Using transcriptomics to understand how marine turtles cope with environmental stress
Organisms can modulate physiological responses to environmental conditions in many ways, and transcriptomics can help identify key biological functions that may be altered under different environmental conditions or throughout development. Although there have been limited studies in sea turtles to date due to ethical and logistical challenges of obtaining high quality tissue samples, non-lethal blood samples can be used to understand the diversity of genes that are expressed differently among populations and species, and the biological functions that may be affected by different natural and anthropogenic conditions.

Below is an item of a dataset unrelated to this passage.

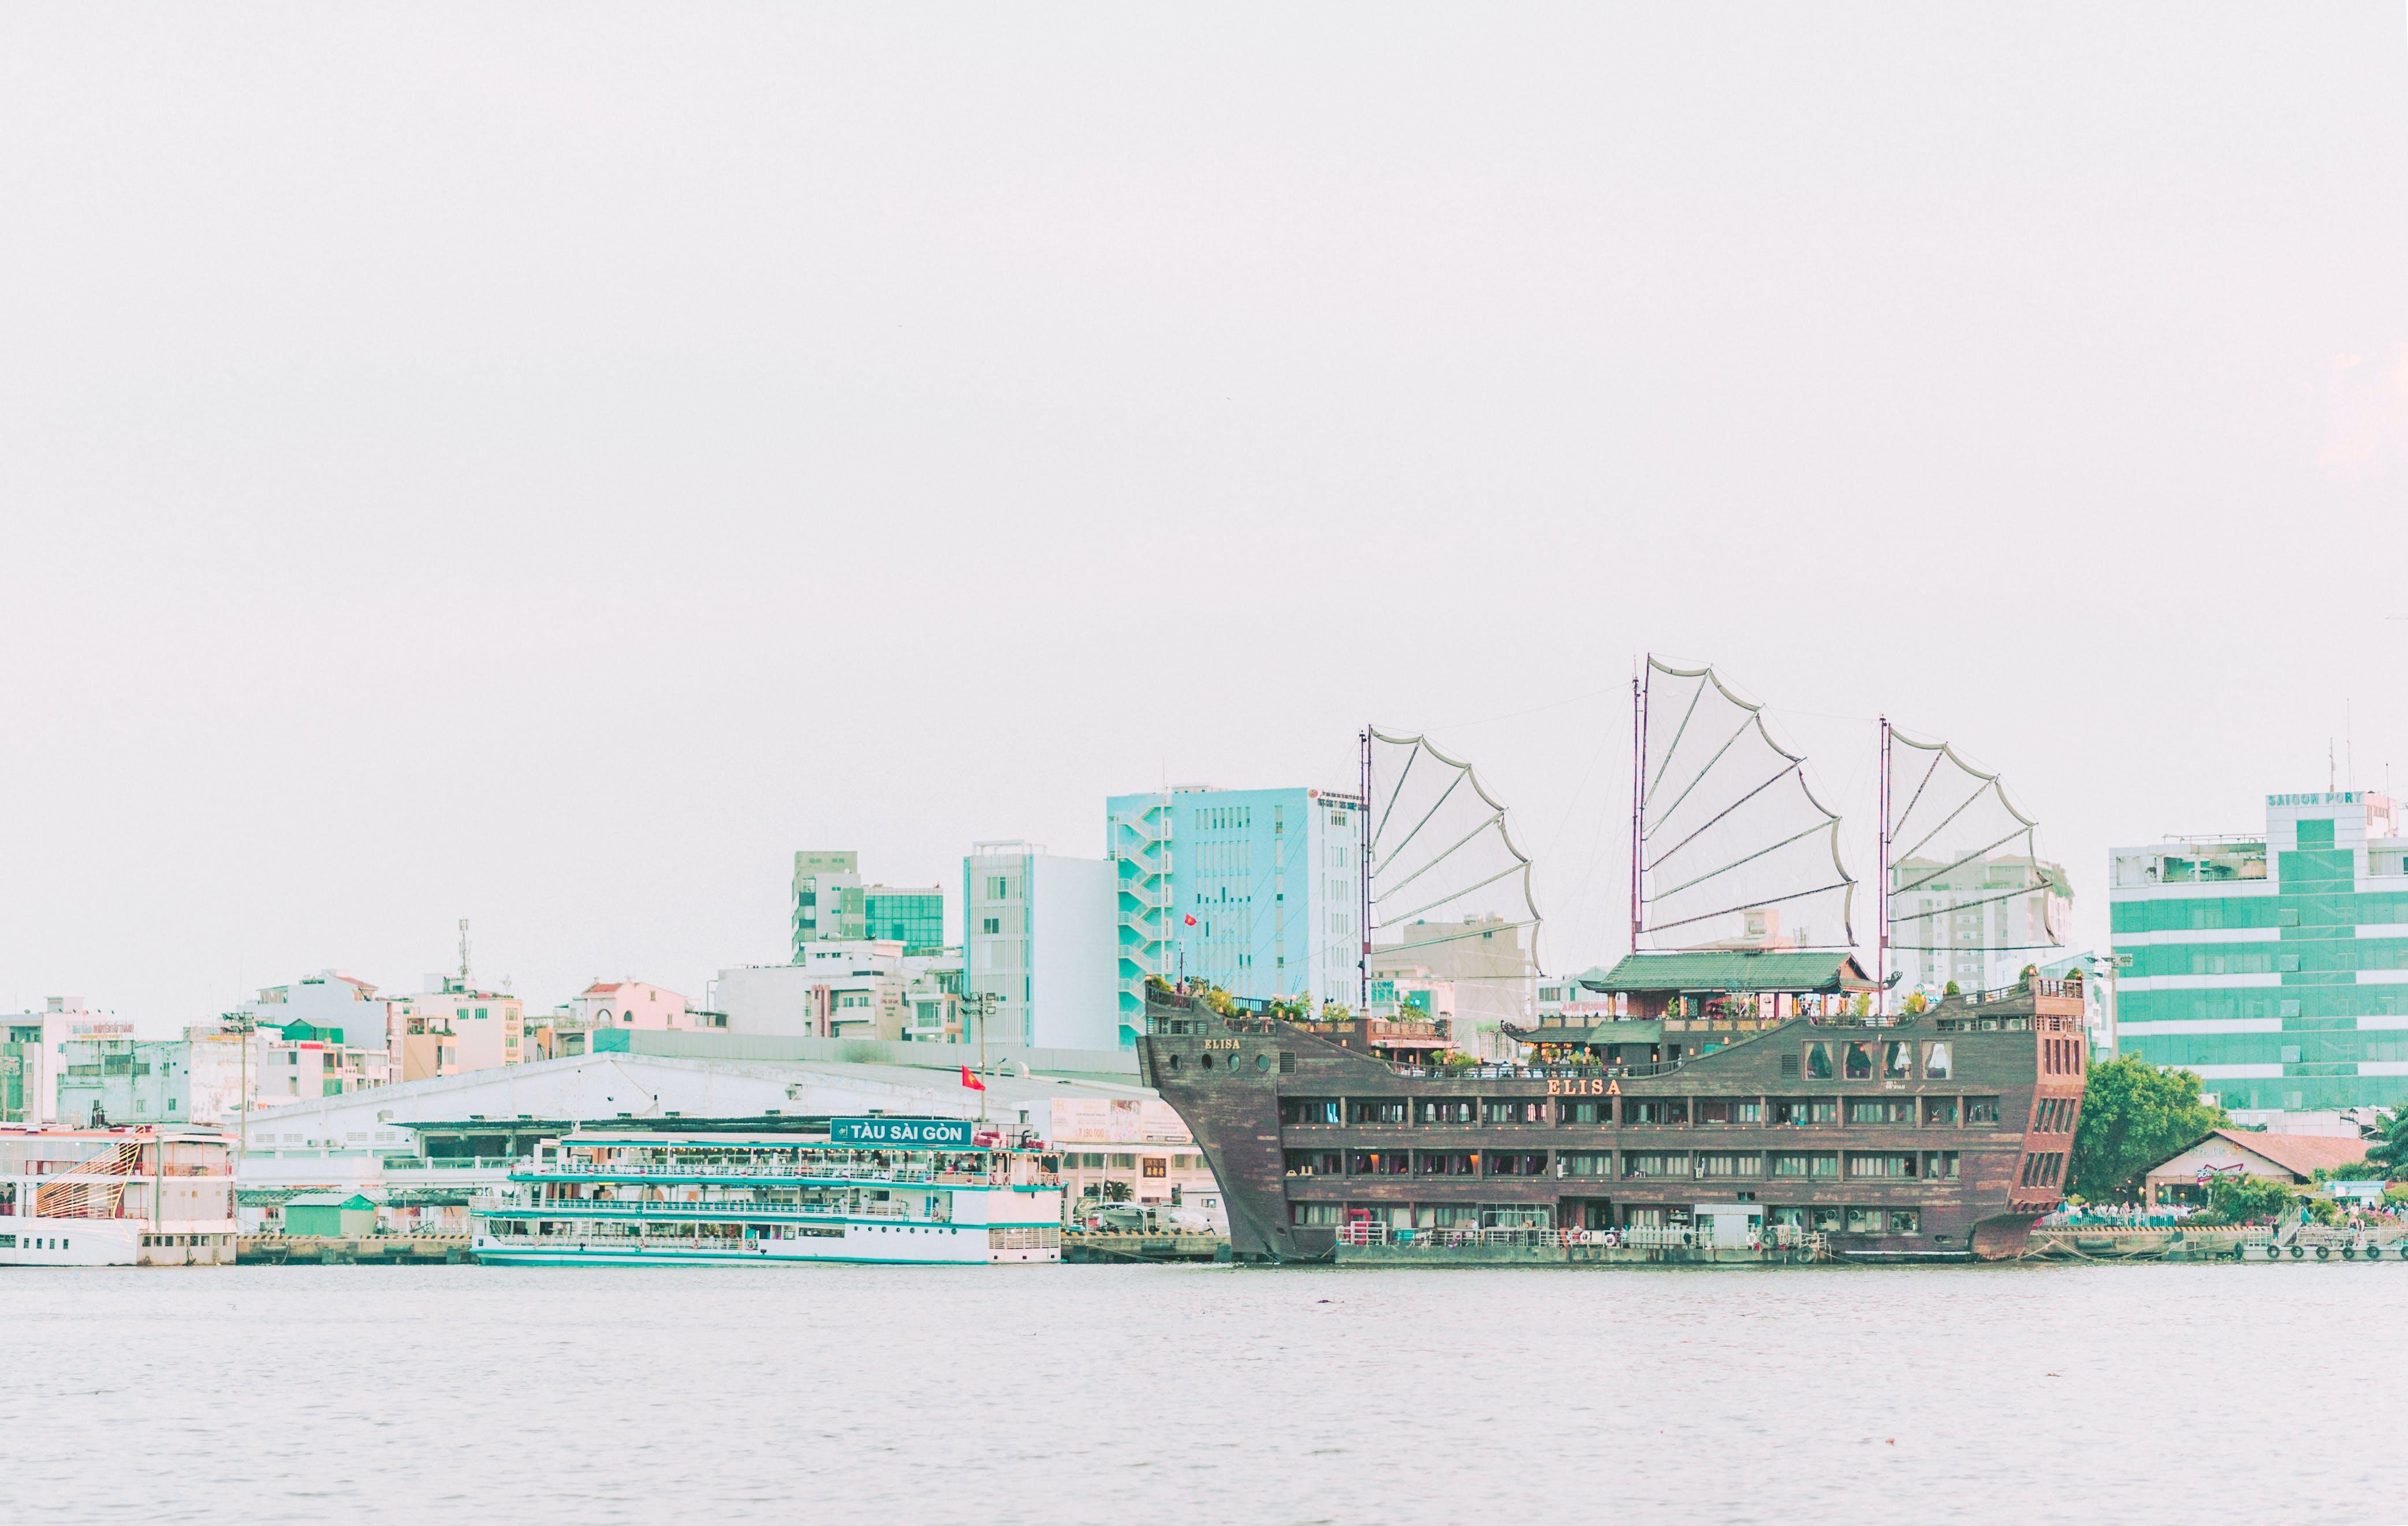 City Buildings Near Body of Water

Using RNA-Sequencing, we are coupling sampling with complementary approaches (whole organism physiological and health metrics, contaminant loads, and stable isotopes) to begin to understand these processes in marine turtles. This includes exploring the
baseline diversity of genes expressed and the allelic variation present among individuals and species and biomarkers associated with pollutant exposure (led by Shreya Banerjeee), and investigating transcriptomic profiles associated with disease, such as fibropapillomatosis, and sex determination (led by ECo MS student Jamie Stoll). These studies are being conducted in collaboration with Drs. Jennifer Lynch (National Institute of Standards & Technologies), Camryn Allen (NOAA PIFSC), Heather Harris (Cal Poly), Eugenia Naro-Maciel (New York U.), and Eleanor Sterling (American Museum of Natural History).